Having set the parameters of his study, Berry was ready to begin. He used the cancer registry to identify the birth address of every child under age twenty who had been diagnosed with cancer between 1979 and 1991 while living in Ocean County. Then he consulted local maps to double-check all of the addresses, making sure that they were classified correctly. Finally, he added up the cases, categorized the cancers, and laid out the results in a table. The one for the town and the core zone looked like this:6
The data table confirmed what Berry already knew: There were precious few cases to work with. There was no point in even trying to analyze fourteen categories—everything but brain/central nervous system tumors, leukemias, and overall cancers, he decided. Even in those three relatively large categories, however, there were still so few cases that even if the totals turned out to be much higher than expected, he might not be able to rule out bad luck as a likely cause, especially if boys and girls were counted separately.
To find out if the local totals really were high, Berry calculated the number of pediatric brain cancers, leukemias, and overall cancers that would be expected in the county, town, and core zone if their rates were identical to the statewide average of all New Jersey children.7 Then he updated his results table, calculating simple ratios that expressed the relationship between observed and expected cases in each category. (Any “incidence ratio” over 1.0 was higher than expected.) Finally, he added the special category he had decided to include for brain/nervous system cancers in children under five, as well as the countywide totals. The new table looked like this:
All it took was a quick glance at the results table for Berry to see that there was nothing typical about these children. In every remaining category, they had more cancer than expected. Just as importantly, all the remaining categories showed the same bull’s-eye pattern: Whatever mystery factor was affecting cancer rates seemed to be strongest in the heart of Toms River. For overall childhood cancer cases, for example, there were 7 percent more cases than expected in Ocean County, 31 percent more in the township, and 49 percent more in the core area. Most disturbingly, the biggest disparity was in the category thought to be the best indicator of a potential environmental problem: a sevenfold excess (three cases instead of the expected 0.4) for brain and nervous system cancers in children under age five in the Toms River core zone.
The message in the numbers seemed clear: Linda Gillick was right, and so was Lisa Boornazian. Something unusual really was happening in Toms River—or at least had happened between 1979 and 1991. For Berry, there was only one remaining question, and it was an exceedingly difficult one to answer: Could it all just be due to random variation, to a run of very bad luck? He had attended the cluster buster conference in 1989, and he knew how misleading apparent clusters could be. Now he would need to follow in the footsteps of Karl Pearson and the other biostatisticians who had confronted the same problem by performing tests of statistical significance. Berry needed to know how confident he could be that chance was not the cause of the cancer patterns he had identified in the county, the township, and especially in the heart of Toms River.

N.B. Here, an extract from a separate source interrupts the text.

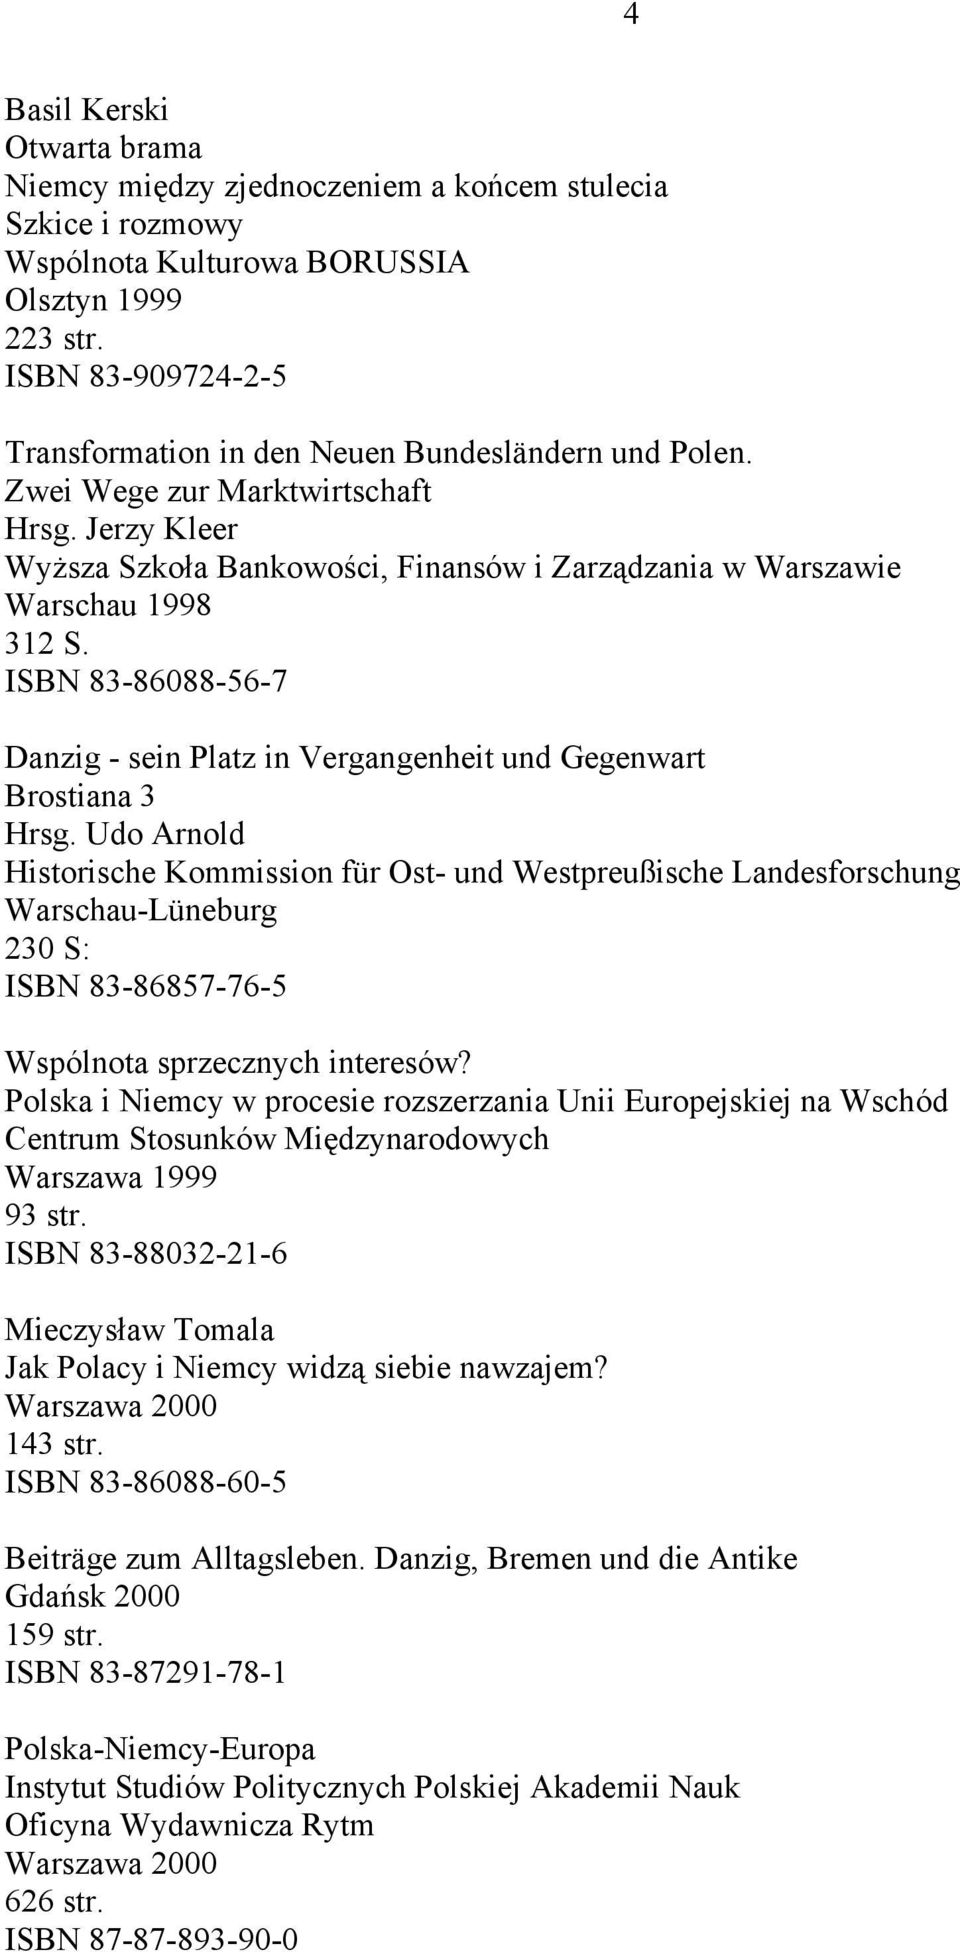 Jerzy Kleer Wyższa Szkoła Bankowości, Finansów i Zarządzania w Warszawie Warschau 1998 312 S. ISBN 83-86088-56-7 Danzig - sein Platz in Vergangenheit und Gegenwart Brostiana 3 Hrsg.

The significance test Berry employed was one of the most widely used in epidemiology: a 95 percent confidence interval, very similar to a margin of error in an opinion poll (though not quite the same). Pollsters employ margins of error because the fewer people they poll, the less confident they can be that the results accurately represent the sentiments of the larger population. To account for this uncertainty, statisticians apply a formula—its basics were first worked out by Siméon Poisson in the mid-nineteenth century—that assesses a poll’s accuracy based on the number of people polled and the size of the larger population those people are supposed to represent. Instead of expressing the results as a single number (“55 percent of voters approve of the president’s performance”), pollsters can apply the formula and express the results as both a number and a range (“55 percent approve, with a margin of error of plus or minus 3 percent”). The wider the margin of error, the less reliable the result. Usually, these ranges are based on a 95 percent confidence level, which means that if the poll were conducted the same way twenty times, the result would fall within the margin of error every time but once.
Cancer rates fluctuated by chance, just as opinion poll results did. Rates were especially wobbly in small communities and for rare diseases. For childhood brain and nervous system cancers in the Toms River core zone, for example, the incidence ratio was 3.05—three times higher than expected. But if there had been just three fewer cases over the thirteen-year study period—a variance that was quite possible for chance reasons alone—the ratio would have been only 1.25, barely an excess at all. On the other hand, just three more cases would have hiked the incidence ratio all the way up to a truly alarming 5.0. Those random fluctuations were the “noise” that made it so difficult to identify the “signal” of a nonrandom cancer cluster. By calculating 95 percent confidence intervals for each incidence ratio, Berry could assess how confident he could be about his results. The tighter the interval, the more confident he could be. And if the entire interval was above 1.0, then Berry could reasonably conclude that there really was more cancer than expected, for reasons other than random fluctuation. His result, in other words, would be statistically significant. The problem was, for a study of rare cancers in an area as small as the Toms River core, Berry would need to find a staggeringly high excess of cases to avoid an interval that was hopelessly wide and dipped below 1.0.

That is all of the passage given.